Home  St. Maarten - St. Martin News  Anguilla Boat Accident leaves Several Dead--- Rescue workers continue to Search for Bodies and Survivors. (UPDATED)
Anguilla Boat Accident leaves Several Dead--- Rescue workers continue to Search for Bodies and Survivors. (UPDATED) 
Monday, 01 July 2013 13:29 SMN NEWS TEAM   .User Rating:  / 5 

PoorBest 
Marigot:--- Rescue operators from the French and Dutch side of the island are busy searching for the bodies of persons that were on a boat travelling between Anguilla and St. Maarten. An agent of the Prefecture of St. Martin said that the boat got into an accident around 01am Monday morning. The agent said that some bodies were found but sea rescue are still busy looking for more bodies and or survivors.
A press release from the Prefecture of St. Martin states that a boat carrying about 20 passengers got into an accident early Monday morning between the islands of Anguilla and St. Martin. Currently the Dutch Coast Guards, Sea Rescue and the Brigade Nautique and the Gendarmerie are coordinating the search and rescue mission.
The helicopter and divers are in the area as they continue with the search and rescue mission and to recover the ill-fated vessel. The press release further states that three persons perished in the accident, 12 survivors are in stable condition at the Louis Constant Fleming Hospital, while missing persons are between six to three persons. Chief of the cabinet of the Prefecture DOLIGEZ Matthieu told SMN News that he could not divulge much information on the accident and the victims because the investigation is still ongoing. Doligez refused to say if the captain of the boat was found and if the boat was involved in human trafficking. The chief of cabinet even refused to release the nationalities of the victims and survivors that were on the boat.
SMN News also asked Doligez if the Dutch police were in contact with them since they are in search of three prisoners that escaped from the prison cells next to the Philipsburg Police Station last Sunday. Doligez said the Dutch police are in contact with the Gendarmerie but so far there is no solid information that they can share with their counterparts. He said as soon as they have more information a second press release will be sent out with additional information.

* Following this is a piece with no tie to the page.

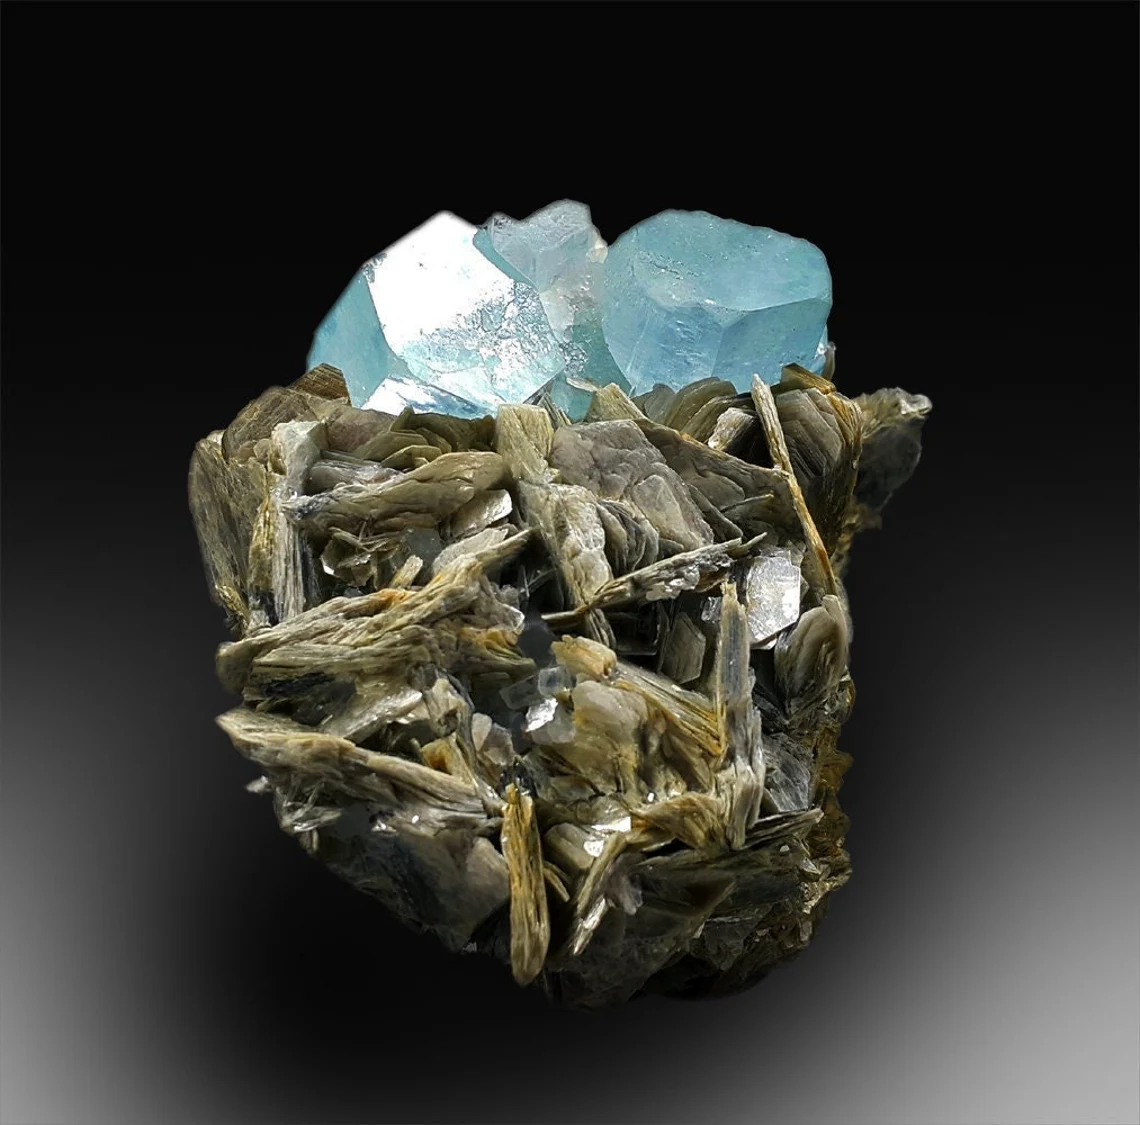 Aquamarine Specimen , Blue Aquamarine, Fine Mineral, Natural Aquamarine Crystals with Mica Specimen from Gilgit Pakistan - 892 Gram
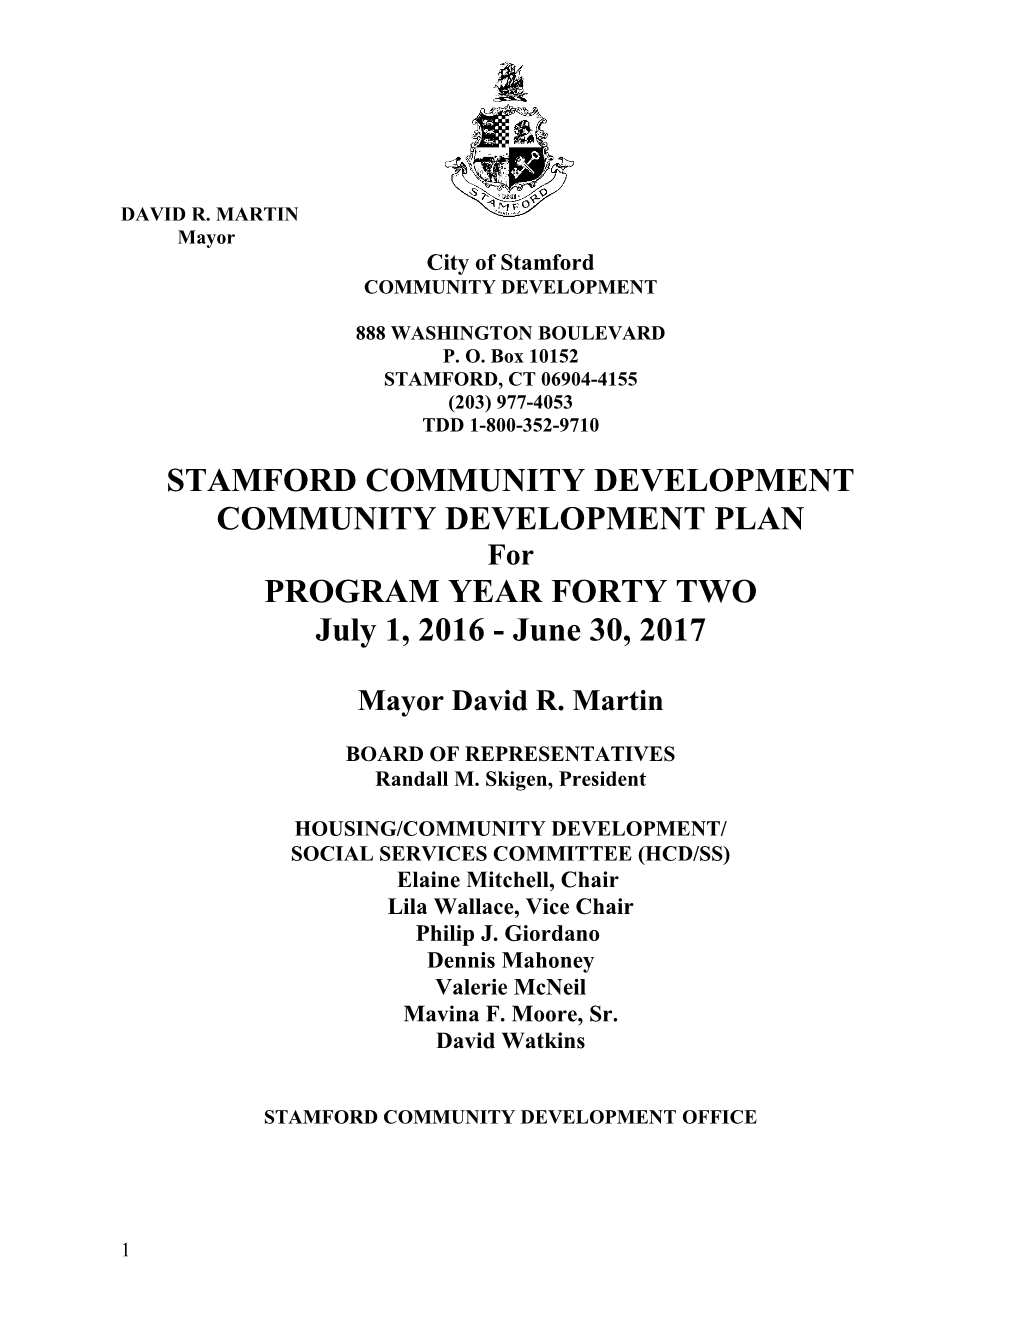 Stamford Community Development

SMN News further learnt that the ill fated boat is "GOD IS GOOD" and it is registered to someone by the name of Koolange residing on the Dutch side of the island

----------


## NHDiane

Wow, this sounds like a pretty good mystery...."human trafficking"?  "escaped prisoners"? "six to three still missing"?  I'll be curious to read the followup reports to this. Thanks for posting Andy

----------


## andynap

Someone posted they knew the captain and the boat was going to St. Thomas.

----------


## MIke R

*"An agent of the Prefecture of St. Martin said that the boat got into an accident around 01am Monday morning."*

my Dad used to say to me when I came home  in the wee hours of the night  in his cross examination, that "not much good or legal happens after midnight - unless you re at work"....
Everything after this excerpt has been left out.